EXERCISE DESCRIPTION: Every entry needs to be printed exactly, please.

Records from a data source
+++++
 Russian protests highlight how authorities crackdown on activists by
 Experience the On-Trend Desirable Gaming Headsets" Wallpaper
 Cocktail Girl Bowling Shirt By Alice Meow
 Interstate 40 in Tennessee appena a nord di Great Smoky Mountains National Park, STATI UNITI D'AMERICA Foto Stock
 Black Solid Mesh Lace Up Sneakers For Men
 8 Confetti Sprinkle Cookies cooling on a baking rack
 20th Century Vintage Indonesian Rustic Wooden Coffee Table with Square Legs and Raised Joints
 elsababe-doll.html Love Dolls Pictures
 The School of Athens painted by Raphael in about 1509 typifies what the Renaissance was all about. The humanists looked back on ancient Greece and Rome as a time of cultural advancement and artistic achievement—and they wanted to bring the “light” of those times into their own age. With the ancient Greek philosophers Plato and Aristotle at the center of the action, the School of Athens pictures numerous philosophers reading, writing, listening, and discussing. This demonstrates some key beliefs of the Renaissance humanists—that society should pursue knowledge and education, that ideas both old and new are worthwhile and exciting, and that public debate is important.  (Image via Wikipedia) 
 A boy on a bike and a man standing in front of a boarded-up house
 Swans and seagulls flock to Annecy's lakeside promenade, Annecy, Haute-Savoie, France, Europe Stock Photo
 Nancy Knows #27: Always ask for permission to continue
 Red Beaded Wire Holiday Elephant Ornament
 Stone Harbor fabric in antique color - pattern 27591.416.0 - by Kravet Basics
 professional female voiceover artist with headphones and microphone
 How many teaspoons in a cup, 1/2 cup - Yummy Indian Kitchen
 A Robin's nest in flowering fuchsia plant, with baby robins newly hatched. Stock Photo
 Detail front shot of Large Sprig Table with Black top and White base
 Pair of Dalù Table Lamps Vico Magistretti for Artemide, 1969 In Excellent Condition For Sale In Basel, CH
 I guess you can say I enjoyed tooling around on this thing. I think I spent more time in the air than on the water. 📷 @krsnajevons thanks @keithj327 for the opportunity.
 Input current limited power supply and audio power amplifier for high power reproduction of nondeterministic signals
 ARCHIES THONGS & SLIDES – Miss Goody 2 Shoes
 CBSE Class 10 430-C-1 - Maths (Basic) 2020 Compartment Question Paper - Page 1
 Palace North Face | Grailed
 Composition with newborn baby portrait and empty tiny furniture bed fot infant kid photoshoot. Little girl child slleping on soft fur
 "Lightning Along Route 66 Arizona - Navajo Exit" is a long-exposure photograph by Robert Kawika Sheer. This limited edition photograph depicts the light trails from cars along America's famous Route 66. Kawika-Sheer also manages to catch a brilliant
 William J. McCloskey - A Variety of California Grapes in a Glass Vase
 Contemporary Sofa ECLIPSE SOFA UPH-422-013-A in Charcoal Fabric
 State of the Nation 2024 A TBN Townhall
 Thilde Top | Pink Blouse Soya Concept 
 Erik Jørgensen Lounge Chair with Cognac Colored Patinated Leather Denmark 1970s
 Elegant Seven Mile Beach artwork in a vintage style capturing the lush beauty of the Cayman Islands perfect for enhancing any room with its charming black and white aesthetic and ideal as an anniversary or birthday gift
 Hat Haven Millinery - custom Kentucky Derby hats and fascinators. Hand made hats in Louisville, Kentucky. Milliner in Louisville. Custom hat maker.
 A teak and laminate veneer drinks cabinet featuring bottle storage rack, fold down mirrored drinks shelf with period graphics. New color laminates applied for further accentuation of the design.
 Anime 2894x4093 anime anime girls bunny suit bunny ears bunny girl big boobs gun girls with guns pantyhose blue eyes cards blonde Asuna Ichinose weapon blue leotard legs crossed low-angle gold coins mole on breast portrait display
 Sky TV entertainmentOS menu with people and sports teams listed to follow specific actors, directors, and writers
+++++
EXERCISE RESULT:
 Russian protests highlight how authorities crackdown on activists by
 Experience the On-Trend Desirable Gaming Headsets" Wallpaper
 Cocktail Girl Bowling Shirt By Alice Meow
 Interstate 40 in Tennessee appena a nord di Great Smoky Mountains National Park, STATI UNITI D'AMERICA Foto Stock
 Black Solid Mesh Lace Up Sneakers For Men
 8 Confetti Sprinkle Cookies cooling on a baking rack
 20th Century Vintage Indonesian Rustic Wooden Coffee Table with Square Legs and Raised Joints
 elsababe-doll.html Love Dolls Pictures
 The School of Athens painted by Raphael in about 1509 typifies what the Renaissance was all about. The humanists looked back on ancient Greece and Rome as a time of cultural advancement and artistic achievement—and they wanted to bring the “light” of those times into their own age. With the ancient Greek philosophers Plato and Aristotle at the center of the action, the School of Athens pictures numerous philosophers reading, writing, listening, and discussing. This demonstrates some key beliefs of the Renaissance humanists—that society should pursue knowledge and education, that ideas both old and new are worthwhile and exciting, and that public debate is important.  (Image via Wikipedia) 
 A boy on a bike and a man standing in front of a boarded-up house
 Swans and seagulls flock to Annecy's lakeside promenade, Annecy, Haute-Savoie, France, Europe Stock Photo
 Nancy Knows #27: Always ask for permission to continue
 Red Beaded Wire Holiday Elephant Ornament
 Stone Harbor fabric in antique color - pattern 27591.416.0 - by Kravet Basics
 professional female voiceover artist with headphones and microphone
 How many teaspoons in a cup, 1/2 cup - Yummy Indian Kitchen
 A Robin's nest in flowering fuchsia plant, with baby robins newly hatched. Stock Photo
 Detail front shot of Large Sprig Table with Black top and White base
 Pair of Dalù Table Lamps Vico Magistretti for Artemide, 1969 In Excellent Condition For Sale In Basel, CH
 I guess you can say I enjoyed tooling around on this thing. I think I spent more time in the air than on the water. 📷 @krsnajevons thanks @keithj327 for the opportunity.
 Input current limited power supply and audio power amplifier for high power reproduction of nondeterministic signals
 ARCHIES THONGS & SLIDES – Miss Goody 2 Shoes
 CBSE Class 10 430-C-1 - Maths (Basic) 2020 Compartment Question Paper - Page 1
 Palace North Face | Grailed
 Composition with newborn baby portrait and empty tiny furniture bed fot infant kid photoshoot. Little girl child slleping on soft fur
 "Lightning Along Route 66 Arizona - Navajo Exit" is a long-exposure photograph by Robert Kawika Sheer. This limited edition photograph depicts the light trails from cars along America's famous Route 66. Kawika-Sheer also manages to catch a brilliant
 William J. McCloskey - A Variety of California Grapes in a Glass Vase
 Contemporary Sofa ECLIPSE SOFA UPH-422-013-A in Charcoal Fabric
 State of the Nation 2024 A TBN Townhall
 Thilde Top | Pink Blouse Soya Concept 
 Erik Jørgensen Lounge Chair with Cognac Colored Patinated Leather Denmark 1970s
 Elegant Seven Mile Beach artwork in a vintage style capturing the lush beauty of the Cayman Islands perfect for enhancing any room with its charming black and white aesthetic and ideal as an anniversary or birthday gift
 Hat Haven Millinery - custom Kentucky Derby hats and fascinators. Hand made hats in Louisville, Kentucky. Milliner in Louisville. Custom hat maker.
 A teak and laminate veneer drinks cabinet featuring bottle storage rack, fold down mirrored drinks shelf with period graphics. New color laminates applied for further accentuation of the design.
 Anime 2894x4093 anime anime girls bunny suit bunny ears bunny girl big boobs gun girls with guns pantyhose blue eyes cards blonde Asuna Ichinose weapon blue leotard legs crossed low-angle gold coins mole on breast portrait display
 Sky TV entertainmentOS menu with people and sports teams listed to follow specific actors, directors, and writers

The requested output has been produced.